**Task statement**
Everything in the listing below except the pictures should be reproduced exactly.

[[ Source data, beginning ]]

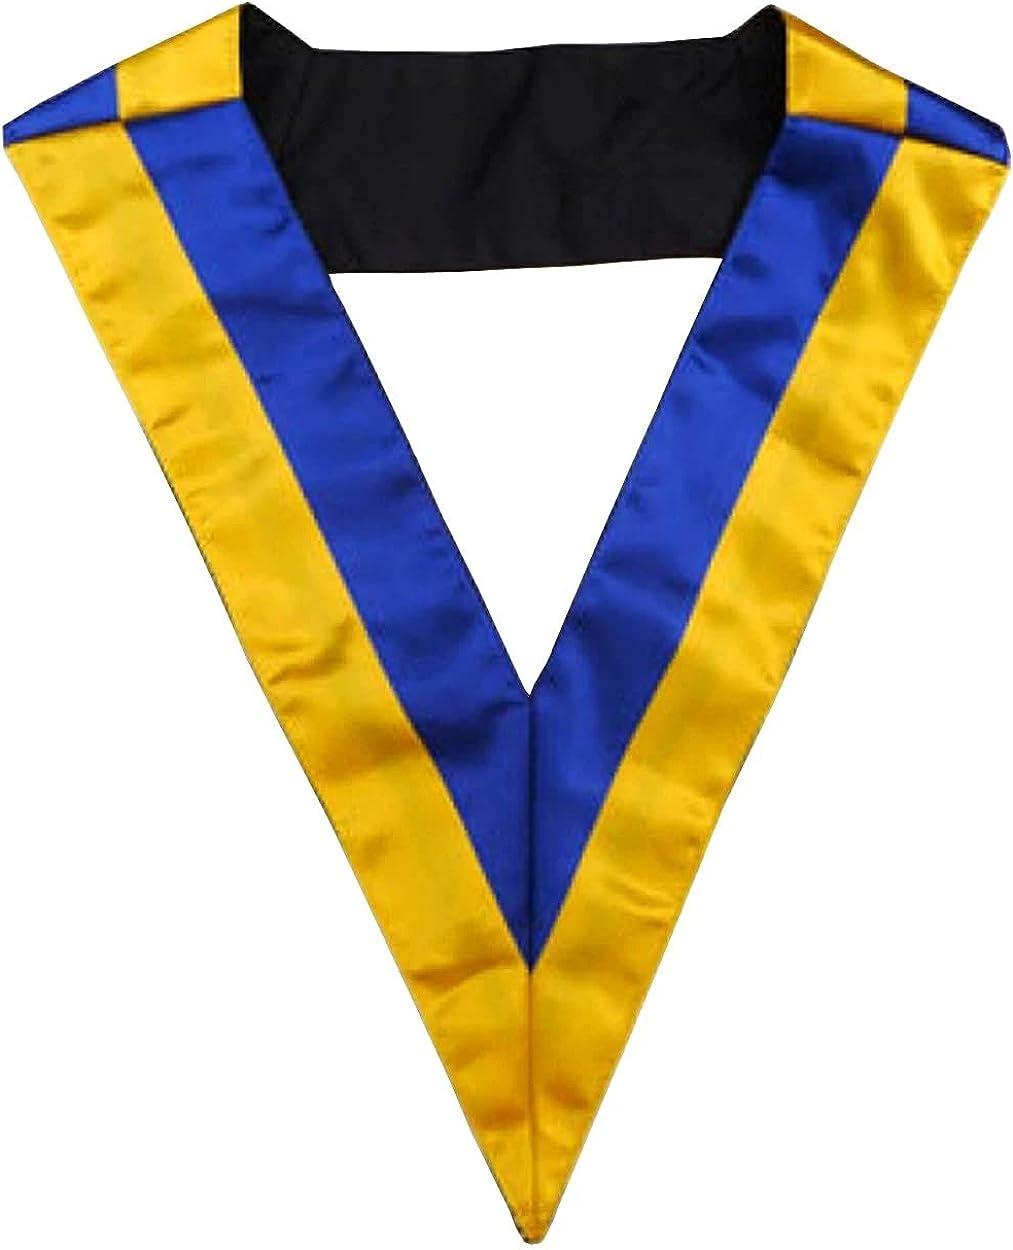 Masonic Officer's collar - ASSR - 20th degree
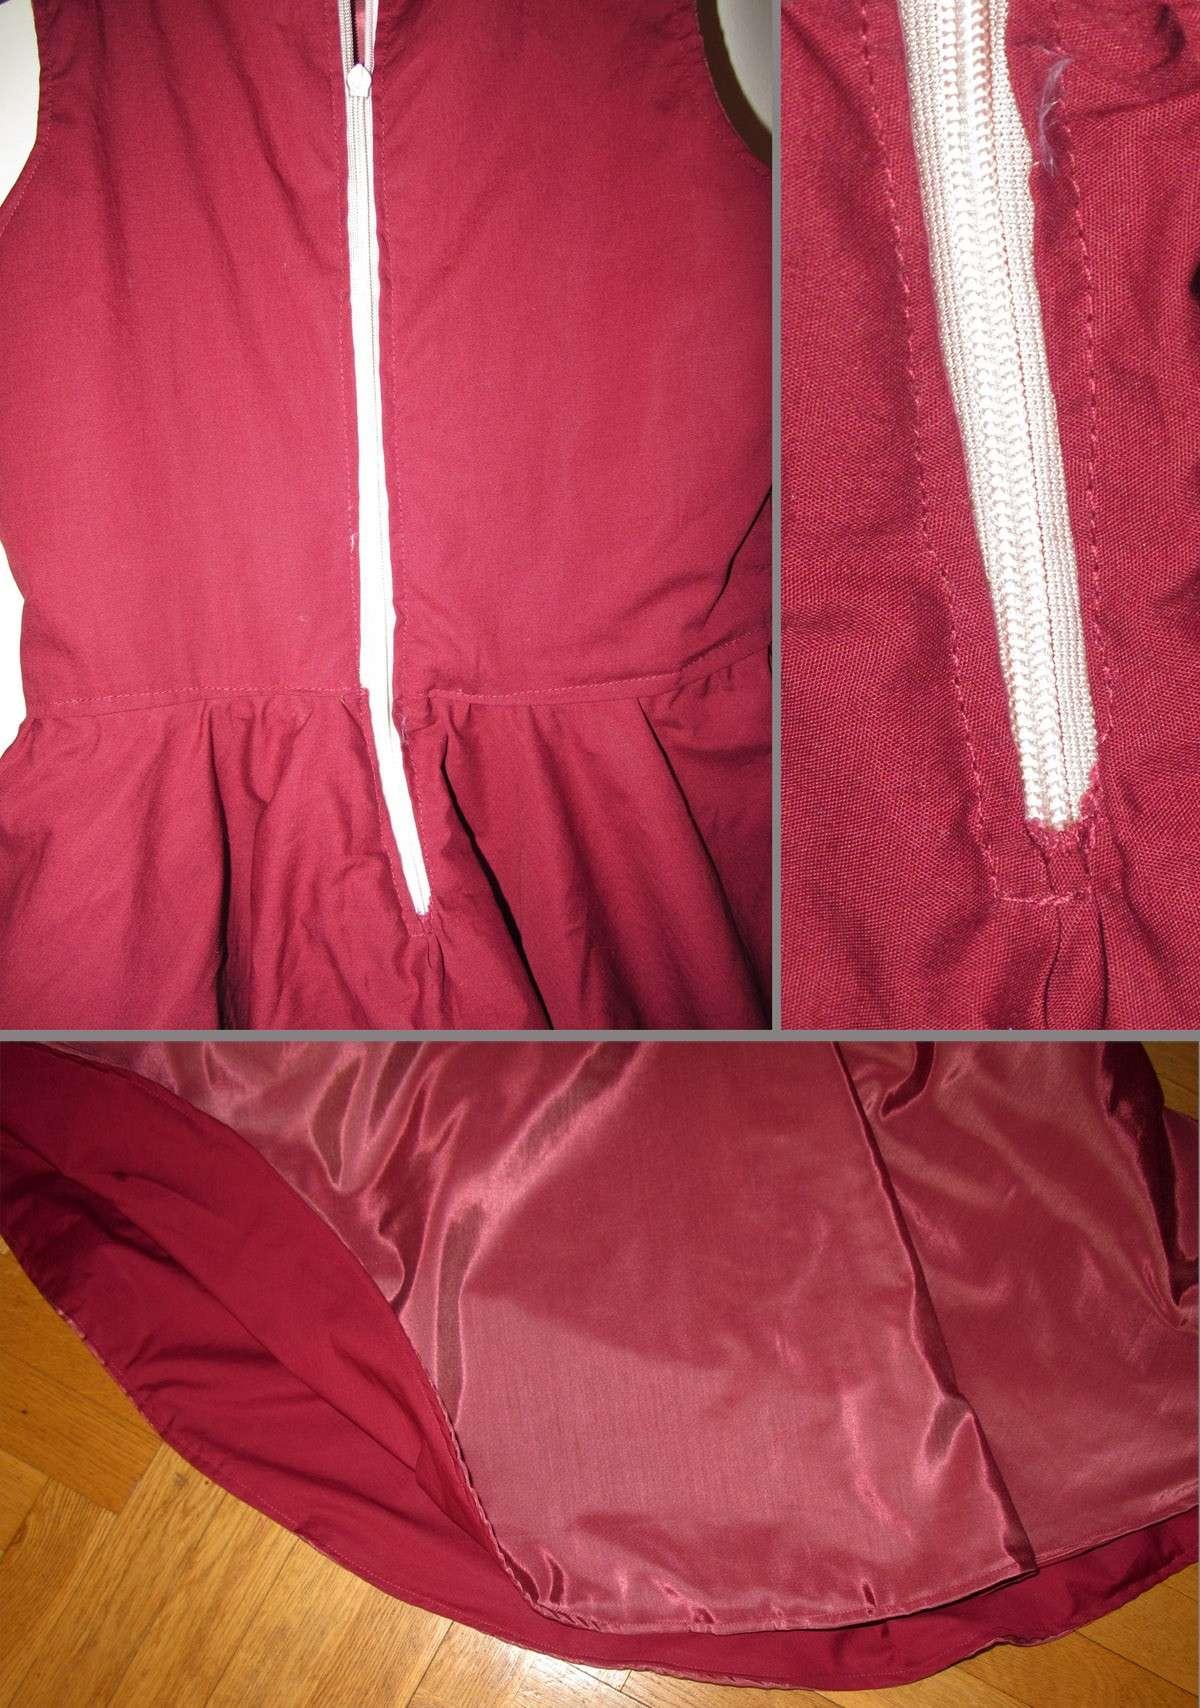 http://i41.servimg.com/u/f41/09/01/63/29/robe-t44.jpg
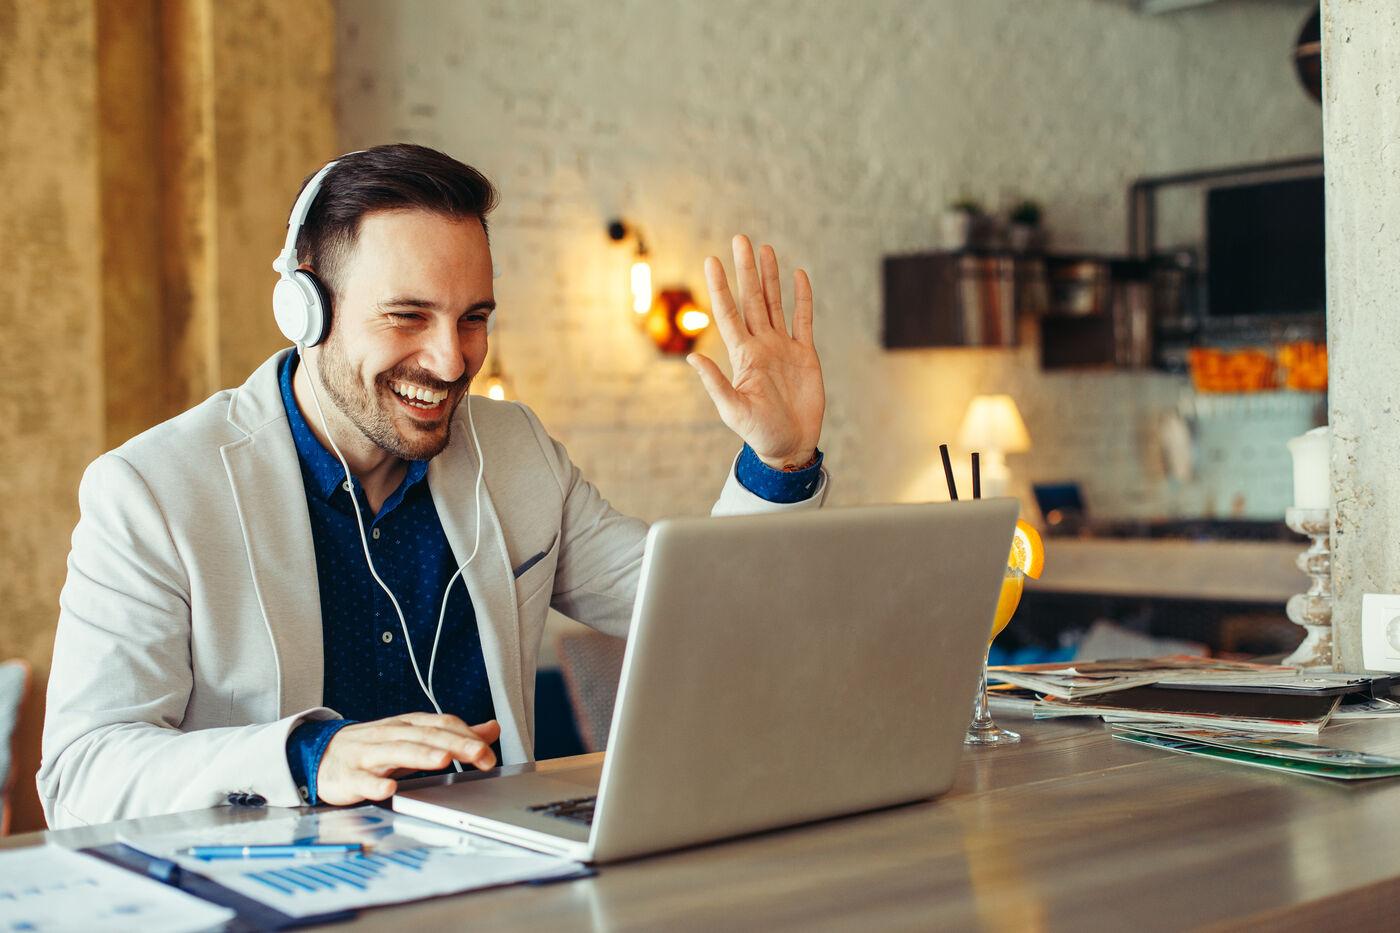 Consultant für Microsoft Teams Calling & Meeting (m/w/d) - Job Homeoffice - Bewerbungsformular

[[ Source data, end ]]

**Exercise output**
 Masonic Officer's collar - ASSR - 20th degree
 http://i41.servimg.com/u/f41/09/01/63/29/robe-t44.jpg
 Consultant für Microsoft Teams Calling & Meeting (m/w/d) - Job Homeoffice - Bewerbungsformular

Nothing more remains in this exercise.